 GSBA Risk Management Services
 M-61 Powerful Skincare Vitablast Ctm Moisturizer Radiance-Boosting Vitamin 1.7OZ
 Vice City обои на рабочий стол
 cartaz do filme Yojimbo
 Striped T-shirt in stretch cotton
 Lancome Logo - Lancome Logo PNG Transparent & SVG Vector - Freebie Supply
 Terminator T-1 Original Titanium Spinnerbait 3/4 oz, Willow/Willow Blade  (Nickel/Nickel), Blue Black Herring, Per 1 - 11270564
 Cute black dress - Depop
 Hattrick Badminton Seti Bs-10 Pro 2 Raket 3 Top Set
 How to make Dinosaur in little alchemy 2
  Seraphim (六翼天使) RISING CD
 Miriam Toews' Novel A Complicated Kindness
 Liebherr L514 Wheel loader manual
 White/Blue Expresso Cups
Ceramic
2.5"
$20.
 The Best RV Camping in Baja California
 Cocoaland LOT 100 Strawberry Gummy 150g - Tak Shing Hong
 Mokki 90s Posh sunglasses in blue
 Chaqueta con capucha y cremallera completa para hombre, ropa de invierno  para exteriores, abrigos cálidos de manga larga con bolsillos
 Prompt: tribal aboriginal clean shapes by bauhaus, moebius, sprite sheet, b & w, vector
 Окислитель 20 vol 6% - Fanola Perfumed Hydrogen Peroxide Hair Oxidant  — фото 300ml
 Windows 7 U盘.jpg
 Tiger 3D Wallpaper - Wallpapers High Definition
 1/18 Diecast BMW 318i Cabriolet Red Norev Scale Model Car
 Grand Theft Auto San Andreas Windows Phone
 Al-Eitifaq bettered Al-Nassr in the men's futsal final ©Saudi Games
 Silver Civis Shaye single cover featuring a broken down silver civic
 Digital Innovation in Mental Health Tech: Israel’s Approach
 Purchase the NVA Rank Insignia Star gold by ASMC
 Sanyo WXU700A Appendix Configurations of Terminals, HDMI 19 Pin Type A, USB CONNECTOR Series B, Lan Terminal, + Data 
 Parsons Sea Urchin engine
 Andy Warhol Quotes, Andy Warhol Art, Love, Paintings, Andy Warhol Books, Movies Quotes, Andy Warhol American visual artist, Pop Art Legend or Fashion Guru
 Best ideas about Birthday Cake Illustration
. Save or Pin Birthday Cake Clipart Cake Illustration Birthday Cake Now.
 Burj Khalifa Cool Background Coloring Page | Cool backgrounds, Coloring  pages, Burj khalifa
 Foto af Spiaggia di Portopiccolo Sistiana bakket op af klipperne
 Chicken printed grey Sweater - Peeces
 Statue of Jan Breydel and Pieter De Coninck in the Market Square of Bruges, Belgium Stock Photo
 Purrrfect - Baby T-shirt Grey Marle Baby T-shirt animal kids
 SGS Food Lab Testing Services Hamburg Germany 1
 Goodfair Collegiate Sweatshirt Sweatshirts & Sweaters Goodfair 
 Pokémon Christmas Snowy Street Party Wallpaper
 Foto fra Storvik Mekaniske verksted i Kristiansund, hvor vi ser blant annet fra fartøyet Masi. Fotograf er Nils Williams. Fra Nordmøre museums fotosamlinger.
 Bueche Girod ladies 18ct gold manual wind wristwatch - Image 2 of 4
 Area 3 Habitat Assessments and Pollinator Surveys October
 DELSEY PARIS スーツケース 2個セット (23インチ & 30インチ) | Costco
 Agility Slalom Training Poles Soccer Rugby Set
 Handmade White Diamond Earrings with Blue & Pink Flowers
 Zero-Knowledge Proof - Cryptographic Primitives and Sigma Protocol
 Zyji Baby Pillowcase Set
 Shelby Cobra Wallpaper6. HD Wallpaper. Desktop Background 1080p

# # # # #

**What the task requires:** Nothing in the records may change; output all of them exactly.

**Answer for the task:**
 GSBA Risk Management Services
 M-61 Powerful Skincare Vitablast Ctm Moisturizer Radiance-Boosting Vitamin 1.7OZ
 Vice City обои на рабочий стол
 cartaz do filme Yojimbo
 Striped T-shirt in stretch cotton
 Lancome Logo - Lancome Logo PNG Transparent & SVG Vector - Freebie Supply
 Terminator T-1 Original Titanium Spinnerbait 3/4 oz, Willow/Willow Blade  (Nickel/Nickel), Blue Black Herring, Per 1 - 11270564
 Cute black dress - Depop
 Hattrick Badminton Seti Bs-10 Pro 2 Raket 3 Top Set
 How to make Dinosaur in little alchemy 2
  Seraphim (六翼天使) RISING CD
 Miriam Toews' Novel A Complicated Kindness
 Liebherr L514 Wheel loader manual
 White/Blue Expresso Cups
Ceramic
2.5"
$20.
 The Best RV Camping in Baja California
 Cocoaland LOT 100 Strawberry Gummy 150g - Tak Shing Hong
 Mokki 90s Posh sunglasses in blue
 Chaqueta con capucha y cremallera completa para hombre, ropa de invierno  para exteriores, abrigos cálidos de manga larga con bolsillos
 Prompt: tribal aboriginal clean shapes by bauhaus, moebius, sprite sheet, b & w, vector
 Окислитель 20 vol 6% - Fanola Perfumed Hydrogen Peroxide Hair Oxidant  — фото 300ml
 Windows 7 U盘.jpg
 Tiger 3D Wallpaper - Wallpapers High Definition
 1/18 Diecast BMW 318i Cabriolet Red Norev Scale Model Car
 Grand Theft Auto San Andreas Windows Phone
 Al-Eitifaq bettered Al-Nassr in the men's futsal final ©Saudi Games
 Silver Civis Shaye single cover featuring a broken down silver civic
 Digital Innovation in Mental Health Tech: Israel’s Approach
 Purchase the NVA Rank Insignia Star gold by ASMC
 Sanyo WXU700A Appendix Configurations of Terminals, HDMI 19 Pin Type A, USB CONNECTOR Series B, Lan Terminal, + Data 
 Parsons Sea Urchin engine
 Andy Warhol Quotes, Andy Warhol Art, Love, Paintings, Andy Warhol Books, Movies Quotes, Andy Warhol American visual artist, Pop Art Legend or Fashion Guru
 Best ideas about Birthday Cake Illustration
. Save or Pin Birthday Cake Clipart Cake Illustration Birthday Cake Now.
 Burj Khalifa Cool Background Coloring Page | Cool backgrounds, Coloring  pages, Burj khalifa
 Foto af Spiaggia di Portopiccolo Sistiana bakket op af klipperne
 Chicken printed grey Sweater - Peeces
 Statue of Jan Breydel and Pieter De Coninck in the Market Square of Bruges, Belgium Stock Photo
 Purrrfect - Baby T-shirt Grey Marle Baby T-shirt animal kids
 SGS Food Lab Testing Services Hamburg Germany 1
 Goodfair Collegiate Sweatshirt Sweatshirts & Sweaters Goodfair 
 Pokémon Christmas Snowy Street Party Wallpaper
 Foto fra Storvik Mekaniske verksted i Kristiansund, hvor vi ser blant annet fra fartøyet Masi. Fotograf er Nils Williams. Fra Nordmøre museums fotosamlinger.
 Bueche Girod ladies 18ct gold manual wind wristwatch - Image 2 of 4
 Area 3 Habitat Assessments and Pollinator Surveys October
 DELSEY PARIS スーツケース 2個セット (23インチ & 30インチ) | Costco
 Agility Slalom Training Poles Soccer Rugby Set
 Handmade White Diamond Earrings with Blue & Pink Flowers
 Zero-Knowledge Proof - Cryptographic Primitives and Sigma Protocol
 Zyji Baby Pillowcase Set
 Shelby Cobra Wallpaper6. HD Wallpaper. Desktop Background 1080p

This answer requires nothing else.